There is no non-tapered PO bracelet. The closest you will get is with the Gen3 PO, which tapers from 19mm to 18mm on the 39.5mm (the 43.5mm tapers from 21mm to 18mm).

The only bracelet that is non-tapered is the SMP "Bond" bracelet, which might look a bit odd with the PO (but not necessarily). The problem there will be fitting it to the PO, and that likely will require modification of a Bond endlink to fit the PO case. Remember that the Bond bracelet is 20mm overall, so it will be the same lug width as the POLMLE. And it will accommodate the 1159 clasp, since the clasp is actually 20mm wide. But modifying a Bond endlink to fit a PO will require some serious skills.


----------



## DocJekl

mikekilo725 said:


> Part numbers are as follows with the number in parentheses being the needed quantity to order. Just found the hard way that the endlinks only come with one pin and two screws so you will need to order two additional pins and four extra screws. Learned this today as I was putting it together on my 42mm PO 2500d on,y to discover I didn't have enough screws. Back the the boutique.
> 
> Endlinks - O118ST1589 (2)
> Pins - O128ST0166 (2)
> Screws - O124ST3307 (4)


SOME INFO LEADING TO MY CURENT ISSUE - I've used these parts above with the 1154 clasp to convert my Planet Ocean 2500 42mm to adjustable, as well as converting a SMPc with 1610/930 bracelet that comes on the 2254.50 SMP. These extra parts were needed to attach the adjustable clasp to the 20>18mm tapered bracelets that used pin and barrel instead of screws. They should be parts from the SM300 MC, if I recall.

I was also able to bolt the 1154 clasp directly onto my 20mm non-tapered SMP Bond bracelet. When I got the parts to convert my Ti Planet Ocean 8500 and 9300, I know used the Ti 1151 clasp, and I believe it was a direct bolt on for the 45mm Planet Ocean as well, which tapers 22>20mm.

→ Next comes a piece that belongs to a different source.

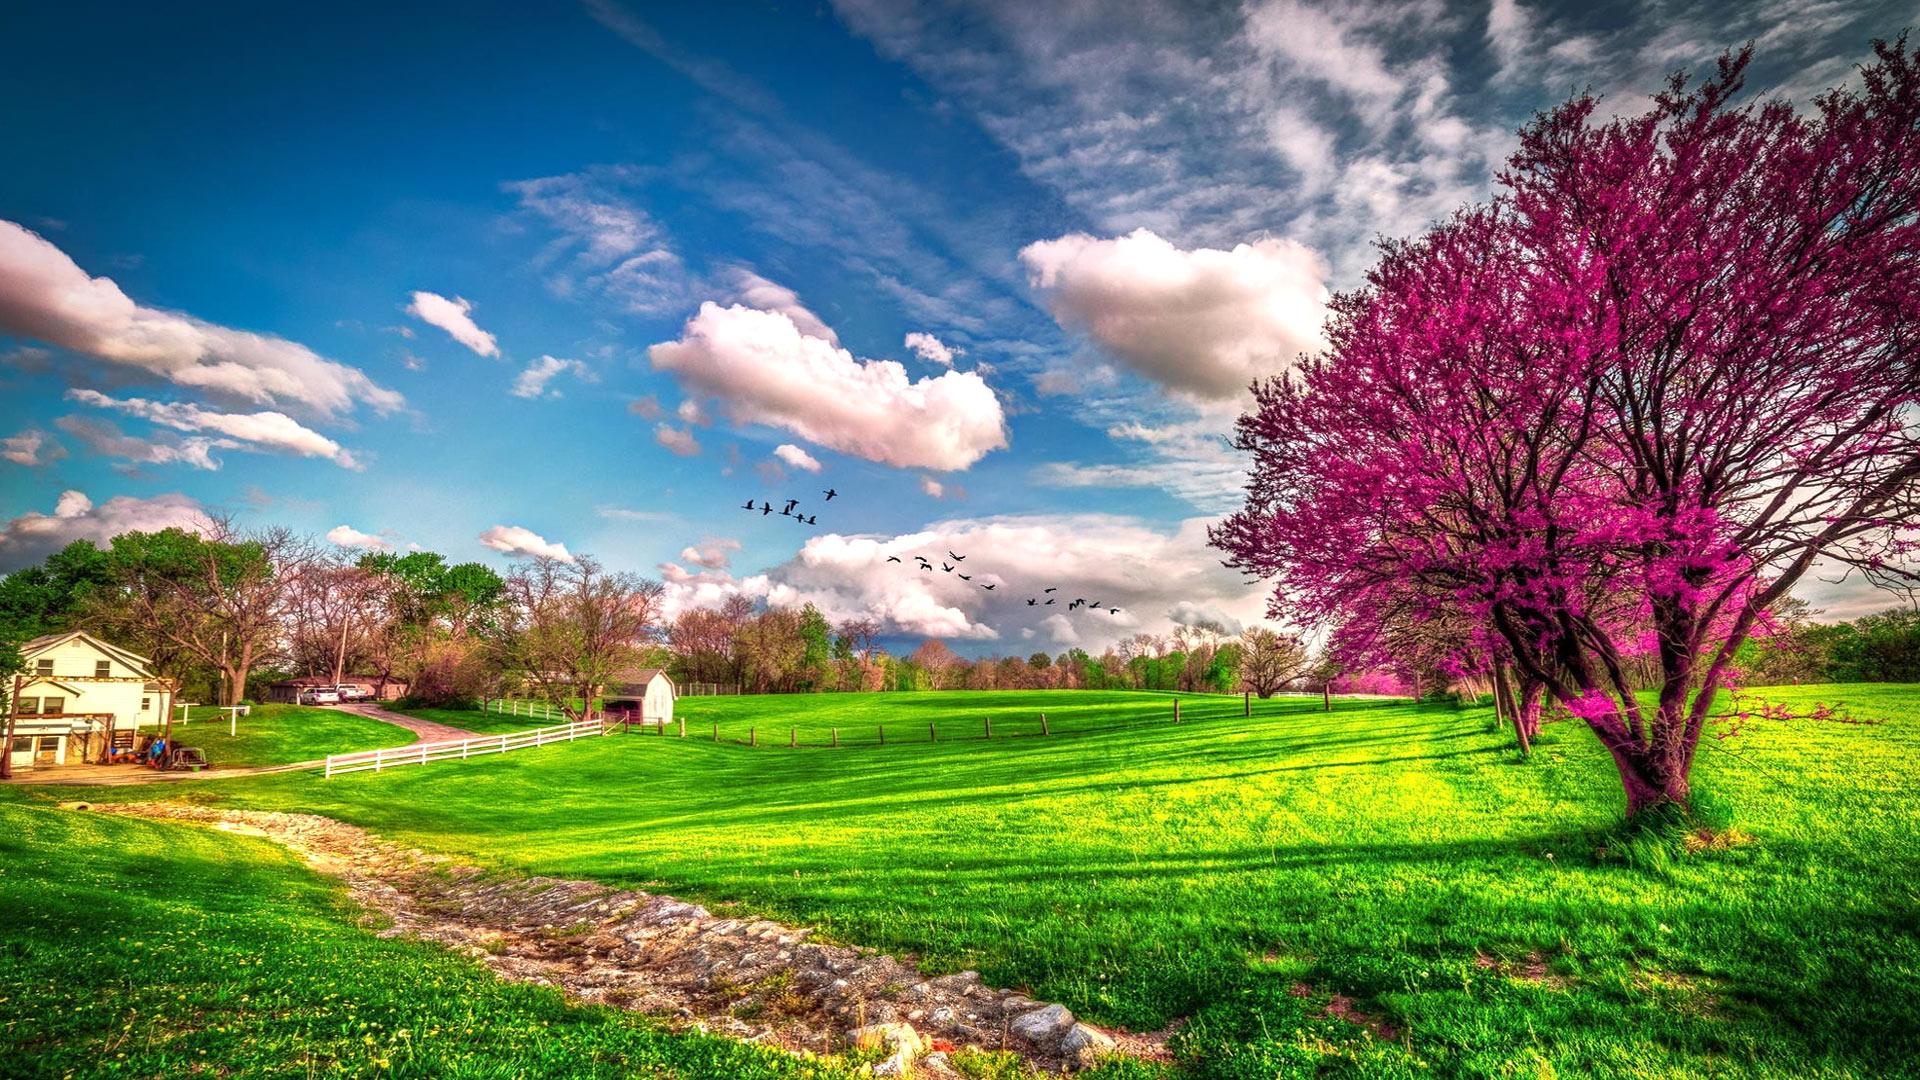 beautiful scenery wallpaper for - photo #43

I think that I needed the connecting links for my 42mm Ti Planet Ocean. My OB can't tell me what links they used, but I think these are also what I need to put the clasp on my Ti X-33 bracelet. Both bracelets taper from 20mm > 18mm. They can't find the links in their system.

*MY PROBLEM* - recently I was trying to get the OB to order the links, pins, and screws to add my last remaining 1151 adjustable Ti clasp to my Ti Speedmaster X-33, and I said that I wanted the "Titanium equivalent of the 1589 links". They couldn't find the 1589 links in their system anymore!

They got me 0118TI1574 links, and they don't come close to fitting the 1151 clasp onto my 20>18mm tapered Speedy-style bracelet. They belong to a watch with a much wider center link on the oyster style Planet Ocean bracelet, than what is on the Speedy-style bracelet.

PLEASE HELP

(1) DOES SOMEONE KNOW THE PART NUMBER FOR THE LINKS THAT I NEED TO ATTACH THE TI 0117TIZ001151 CLASP TO MY TI Speedmaster X-33 BRACELET?

(2) It would be the Ti equivalent of the links on the Speedmaster Mark II, right?

(3) Can you point me somewhere that can order them or sell me them?

Otherwise I'd need to use the 1589 steel links to attach my 1151 clasp to my X-33, right? But my OB can't find the 0118ST1589 in his system to order. Did Omega remove the 1589 and the Ti equivalent from their order system so that nobody can do this mod anymore?


----------



## Airborne6176

OK, so I go to my geographic OMEGA A.D. here in VA (F***'s Jewelers) to place a special order for the clasp, endlinks, pins, and screws and I (basically) get told to kick rocks & pound sand...

The Employee tells me that A.D.s are being told NOT to order/sell OMEGA parts without knowing what the watch's serial number is, what the potential problem is, and what the parts are going to be used for or on.

This is to prevent Owners from creating their own, individual, non-standard time pieces that are customized (i.e. changing out clasps, links, bezels, etc.), as well as to influence potential Buyers to purchase new time-pieces and not to just purchase "newer"/different parts for older watches.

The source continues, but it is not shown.